The College Board's Advanced Placement Program has been a user of alternative 
assessments since the mid-1950s, and essays have been part of many testing programs for 
the past twenty years. Vermont has been using portfolios in its statewide student 
assessment program. ETS' PRAXIS III will be based on observations of teachers and 
conferences with these teachers. The California Learning Assessment System (CLAS) 

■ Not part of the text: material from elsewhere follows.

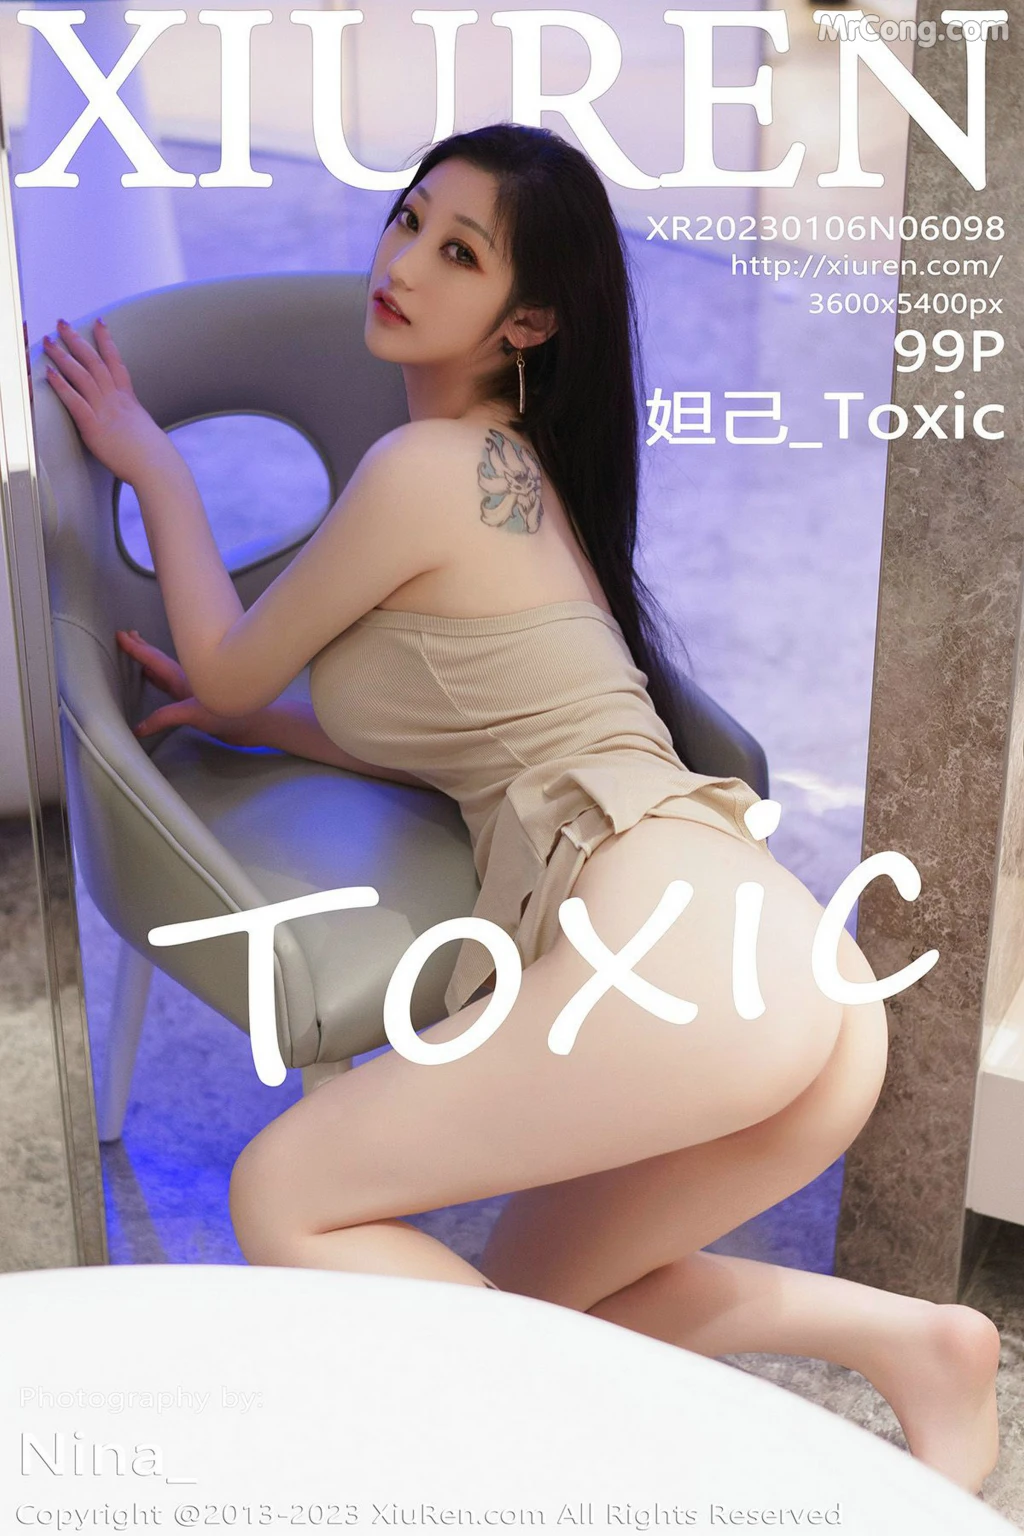 XIUREN No.6098: Daji_Toxic (妲己_Toxic) (100 photos)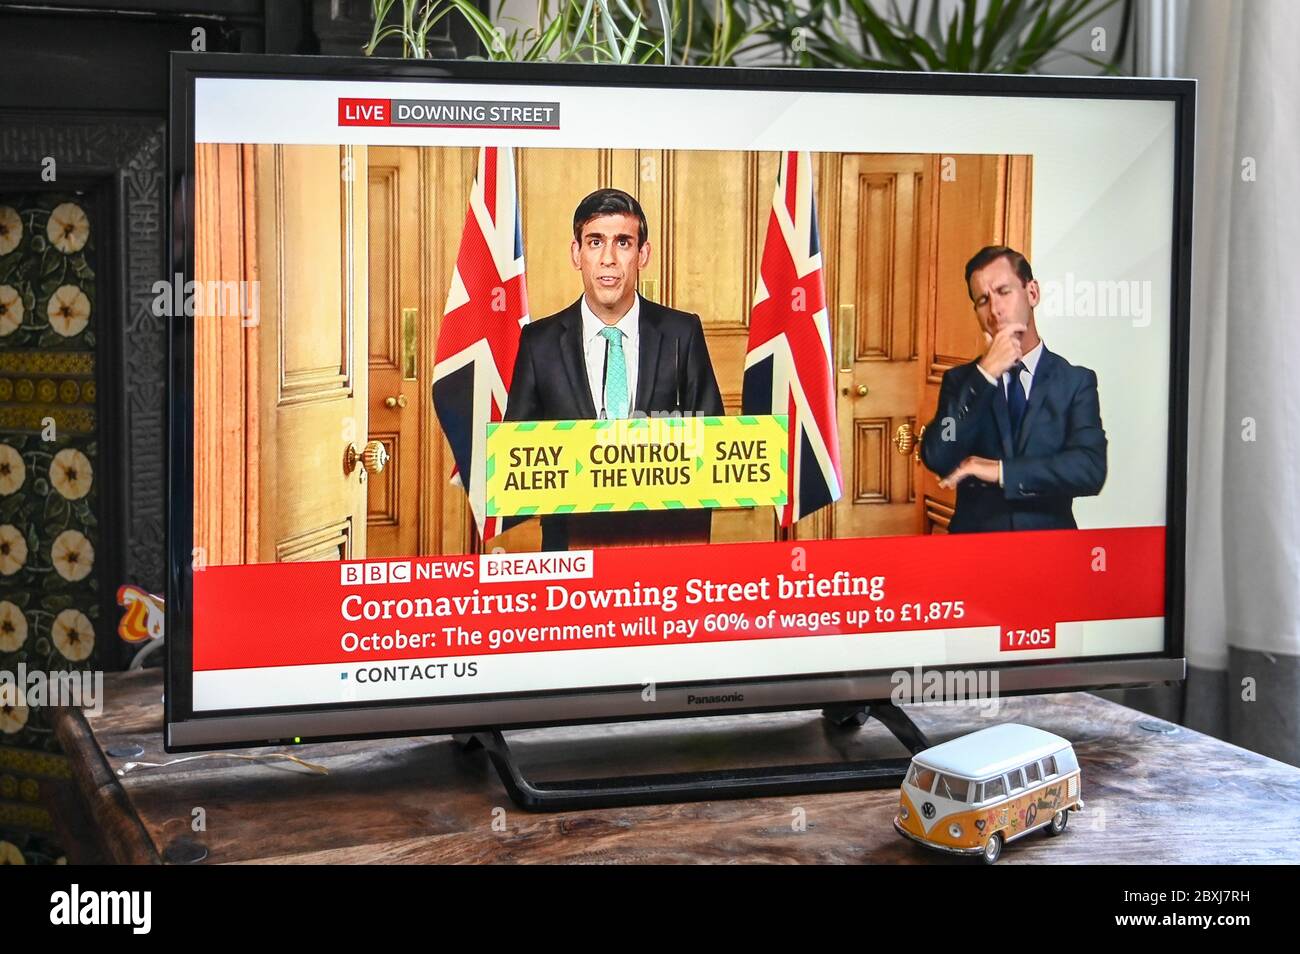 Le briefing quotidien sur les coronavirus de Downing Street avec Rishi Sunak, chancelier de l'Échiquier, et le message « alerte de jour, contrôle du virus ». Banque D'Images

will be using group projects as well as new forms of individual assessments for large- 
scale programs in its new program, scheduled to begin in the spring of 1993. Agencies 
and states are now beginning to realize that the costs and time associated with such 
alternative assessments are high, and that the practical issues of funding them need to be 
confronted (Plato, 1992). 

Maeroff (1991) points out that u (s)peed and low cost v/ere the silver bullets that enabled 
the norm-referenced test— with its multiple-choice responses-to conquer the world of 
education and hold it in thrall" (p. 275). Alternative assessments have been in use for 
many years by classroom teachers. They mesh well with instructional activities and 
provide teachers with much more information about a student's knowledge and skills 
than do marks gridded into bubbles on answer sheets. However, as Maeroff says, 
alternative assessments "tend to be a time-consuming, labor-intensive, imprecise exercise 
in which the expense mounts as nuances are weighed and scoring is done by humans" (p. 
275). 

Prior to using alternative assessments in large-scale programs as well as smaller ones, 
attention should have been given to cost considerations and to the resources required to 
develop and implement them. When asked about problems with implementing authentic 
assessments, Shepard responded that "cost is a big factor, both for development and 
scoring" (Kirst, 1991, p. 22). Catterall (1990) points out that we tend to underestimate 
the true costs of assessments when budgeting for them, to overlook the cost-benefit 
analysis, and to strive for the political optimum rather than looking at the economic and 
educational costs and benefits as prime concerns. Not only is there little attention to 
sound budgeting practices and cost-benefit analysis, but, as pointed out in the next 
section, few sets of standards for assessments and testing programs even mention cost as 
a factor to consider.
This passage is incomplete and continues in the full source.